Social media is part of the office's background check for new rental services, he said. Philadelphia

The Philadelphia police said it had taken 72 police officers out of the street and administrated them pending an internal investigation into posts involving Confederate imagery, anti-Muslim feelings, violent rhetoric and racist comments.

An independent law firm assists in the investigation, following the Philadelphia Police Commissioner Richard Ross. Each record will be examined to see if the speech is constitutionally protected by the first amendment, he said. If it turns out to be protected, "no further steps will be taken."

The department will also review its social media policies and consult the Anti-Defamation League.

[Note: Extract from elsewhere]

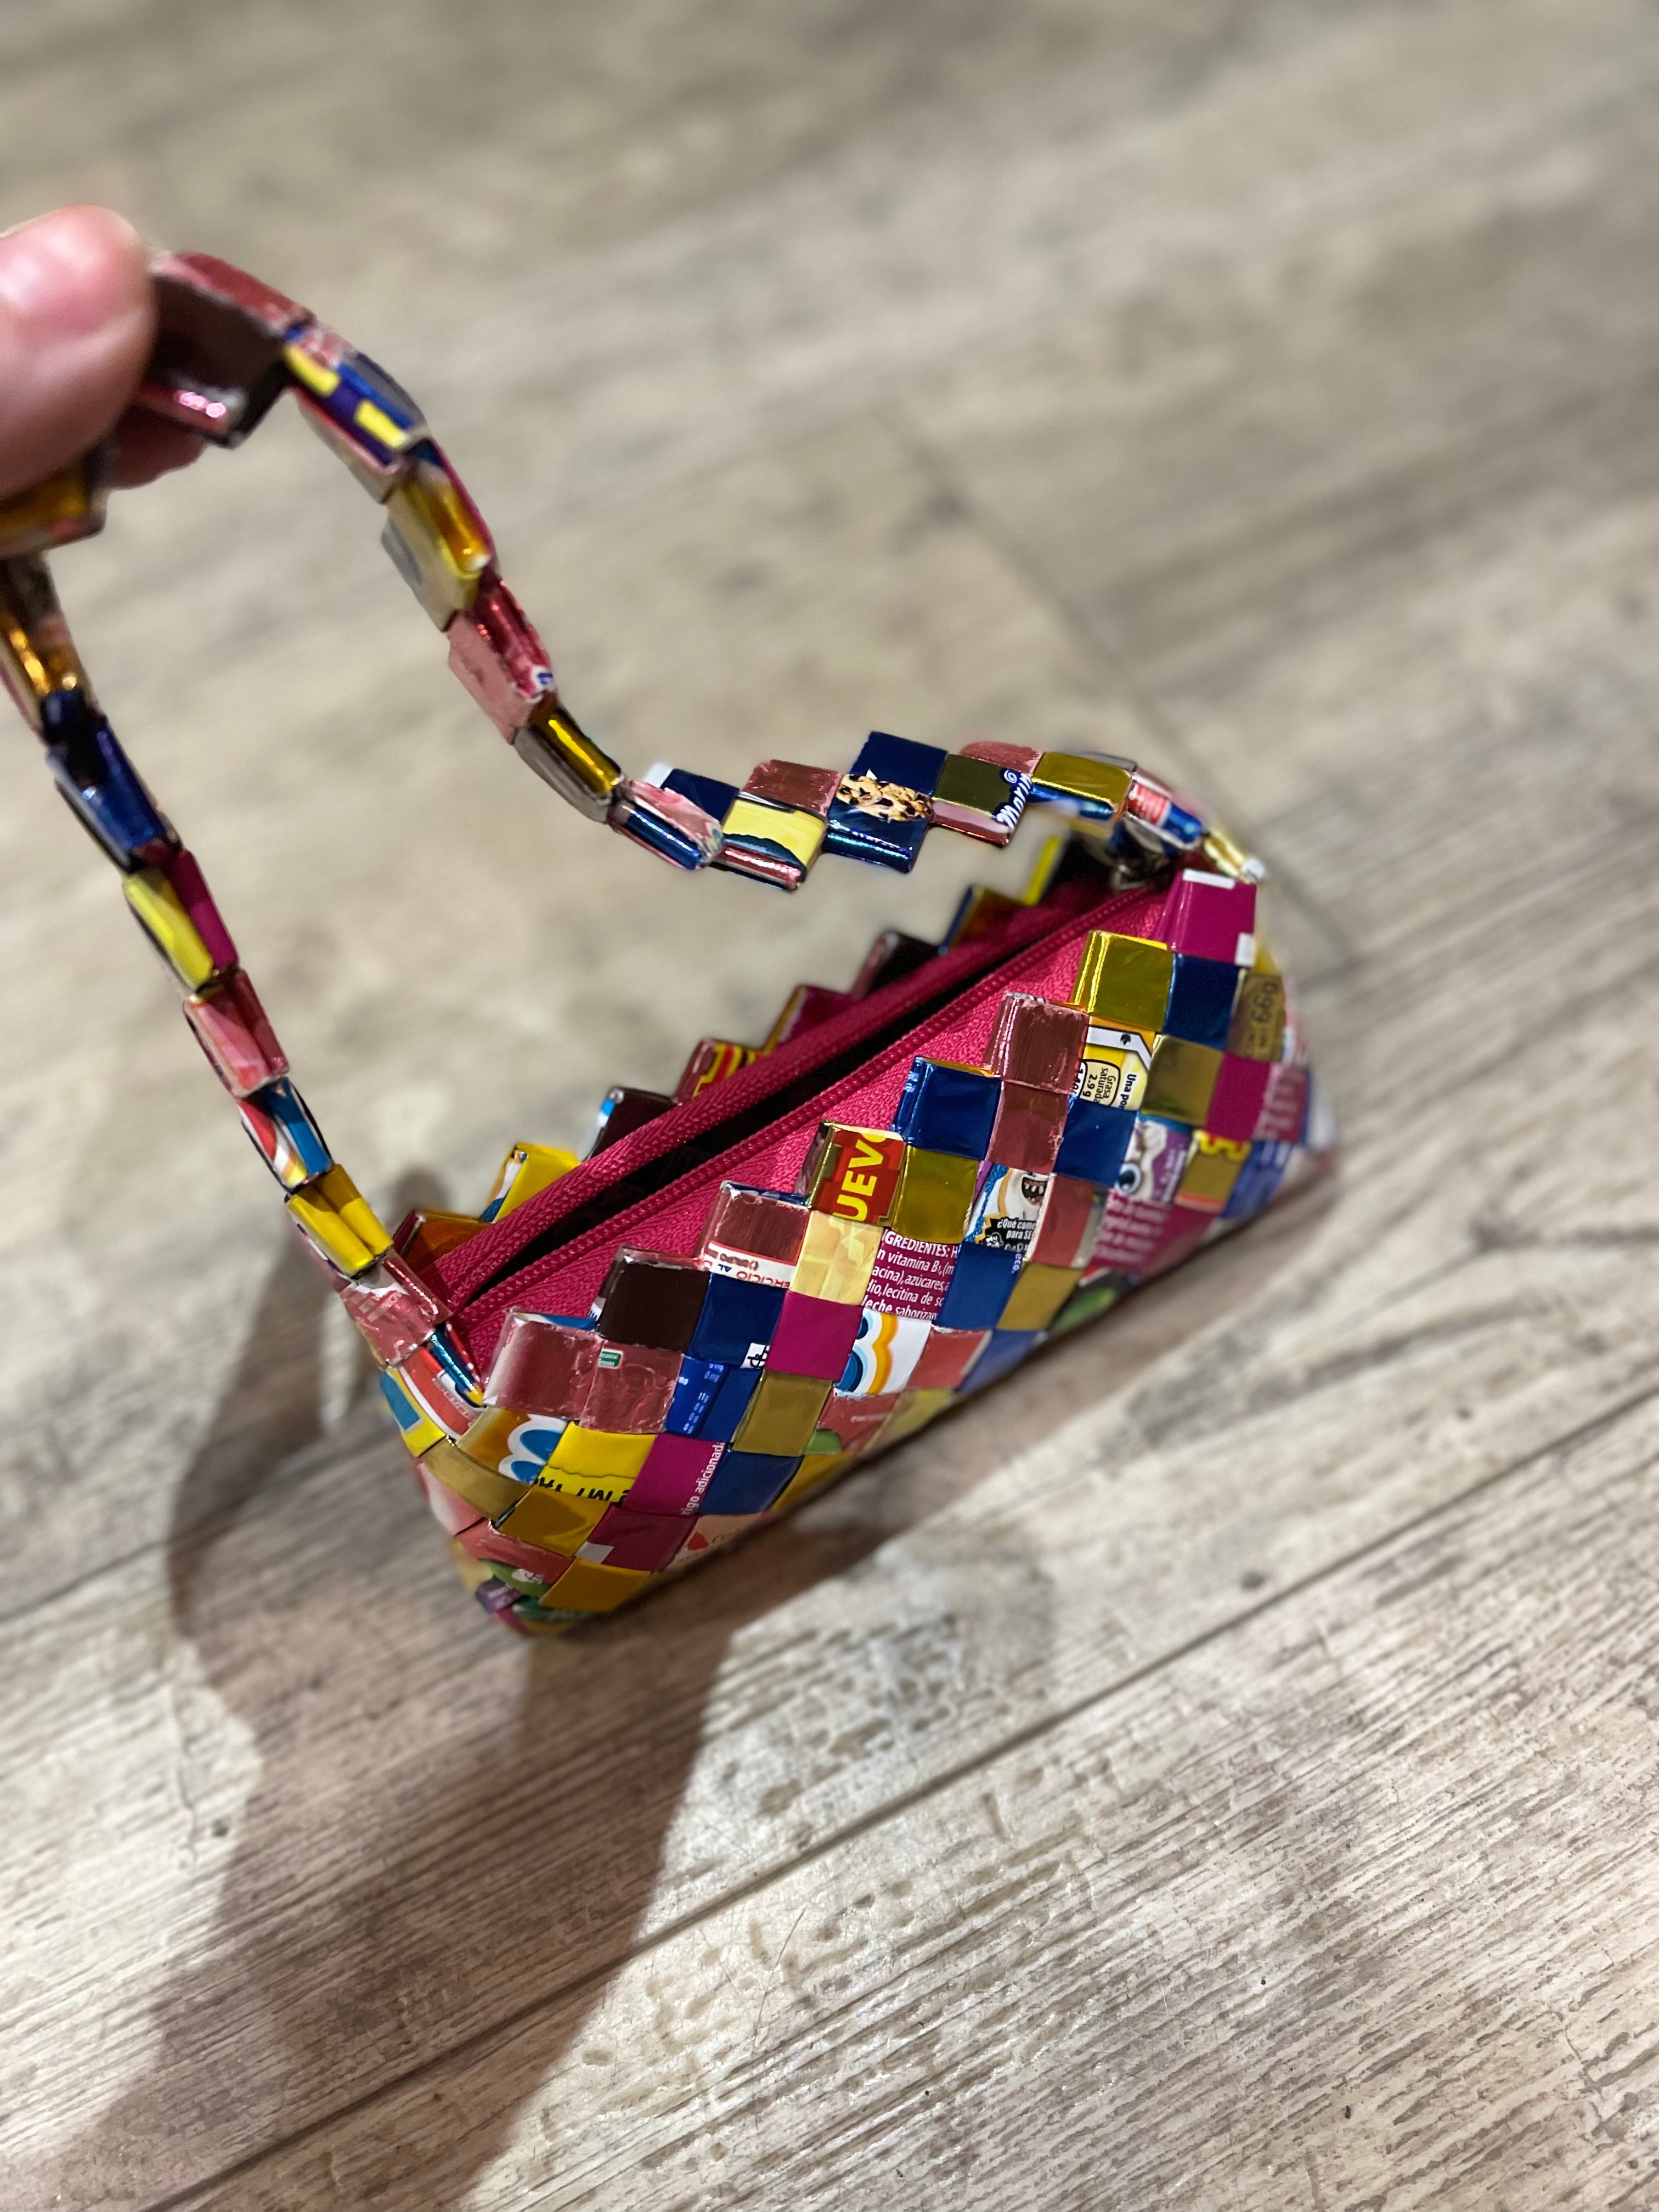 How To Make A Zig Zag Candy Wrapper Bag / Purse Part 1 - YouTube

The Philadelphia Brotherhood Order for Police Visits No. 5 President John McNesby said in a statement that the officers "are entitled to a fair trial like any other citizen."

"Too many officers have been taken out of the street during a time of increased violence in our city," he added.

St. Ludvig

St. Louis Circuit's attorney Kimberly M. Gardner's office announced that 22 officers would be prevented from bringing their cases to her office because of posts made in the ordinary project.

Cases where these officers serve as primary witnesses are currently not prosecuted, according to spokeswoman Susan C. Ryan, but it is unclear how many cases affect.

  St. Louis and Philadelphia police are investigating reports of racist, anti-Muslim Facebook posts by some city officers

"When a police officer's integrity is compromised in this way, the entire criminal system and ours compromise overall ability to pursue justice, "Gardner said in a press release.

"After a careful study of the underlying bias contained in these social media submissions, we have concluded that this bias is likely to affect an officer's ability to perform his duties impartially."

CNN has reached St. Louis Police Officers Association, but has not heard back.

CNN's Michelle Lou, Julia Jones and Carma Hassan contributed to this report.